_RECORDS FOR PROCESSING_
************

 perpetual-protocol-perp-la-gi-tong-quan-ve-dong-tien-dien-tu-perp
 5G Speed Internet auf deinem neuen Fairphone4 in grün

************

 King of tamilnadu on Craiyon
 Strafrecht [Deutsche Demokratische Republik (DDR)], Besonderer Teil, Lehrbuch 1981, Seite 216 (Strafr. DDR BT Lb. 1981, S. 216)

************

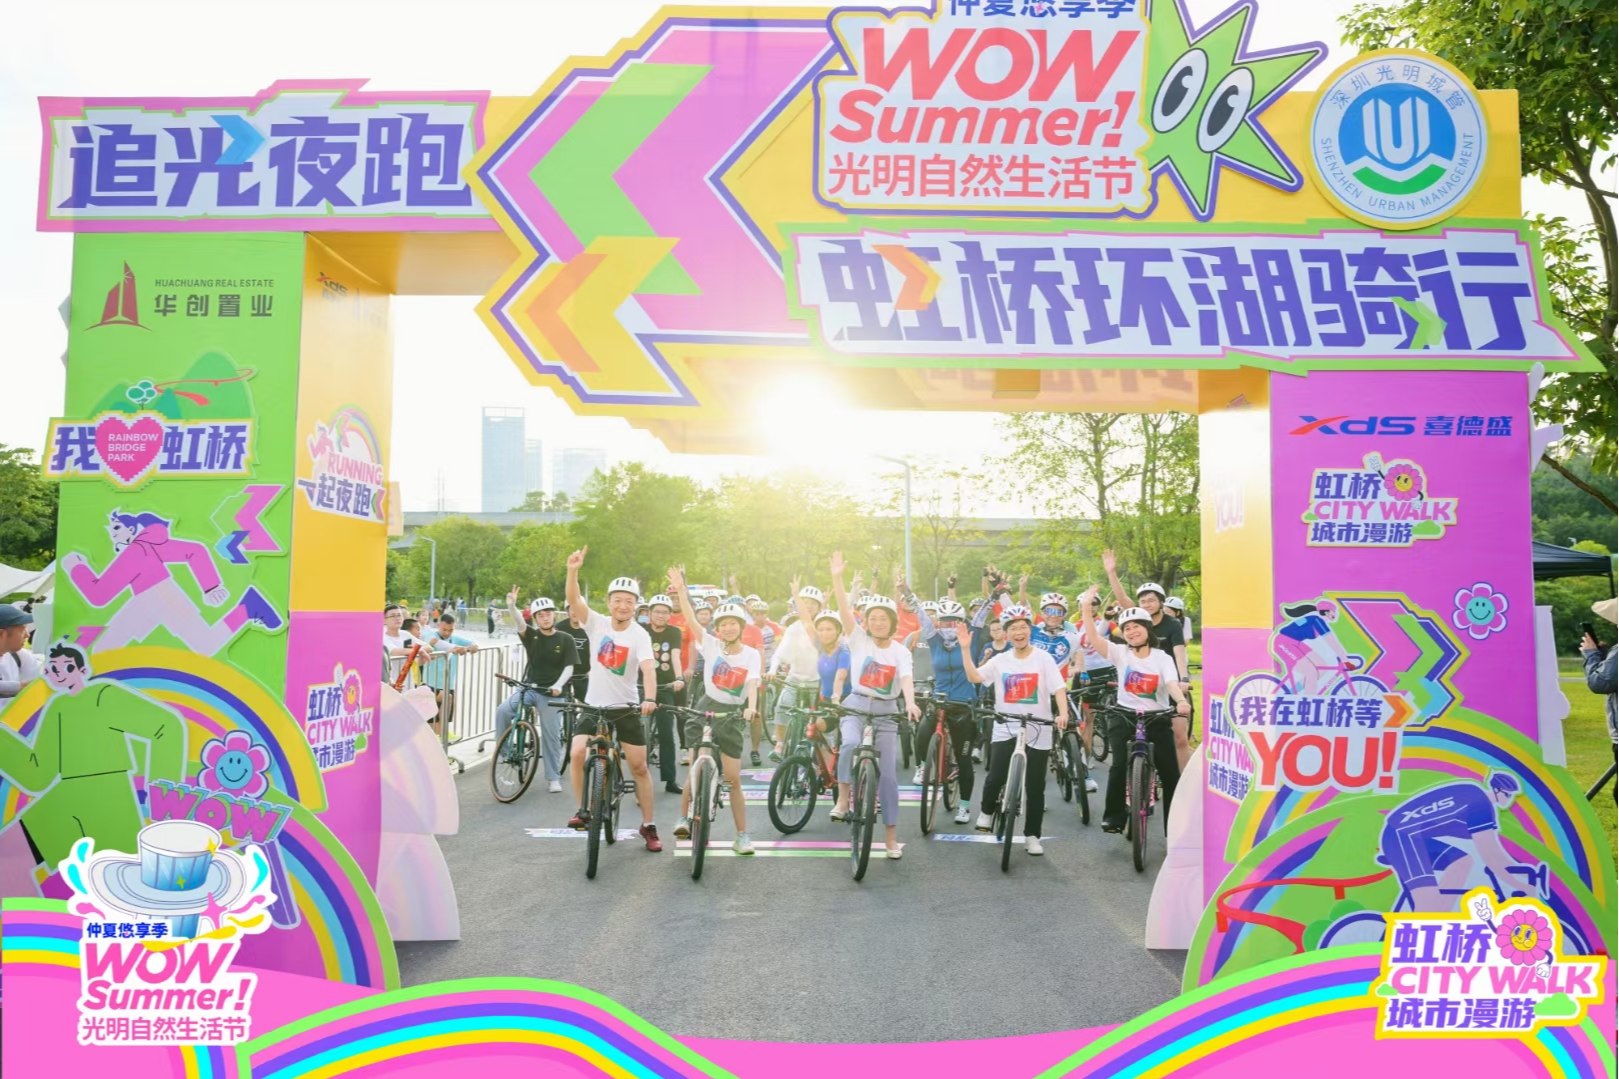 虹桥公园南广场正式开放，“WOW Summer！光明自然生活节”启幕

************

Set down exactly the lines of the data above, beginning with the line that has "King of tamilnadu on Craiyon" and ending with the line that has "Strafrecht [Deutsche Demokratische", and no others.

 King of tamilnadu on Craiyon
 Strafrecht [Deutsche Demokratische Republik (DDR)], Besonderer Teil, Lehrbuch 1981, Seite 216 (Strafr. DDR BT Lb. 1981, S. 216)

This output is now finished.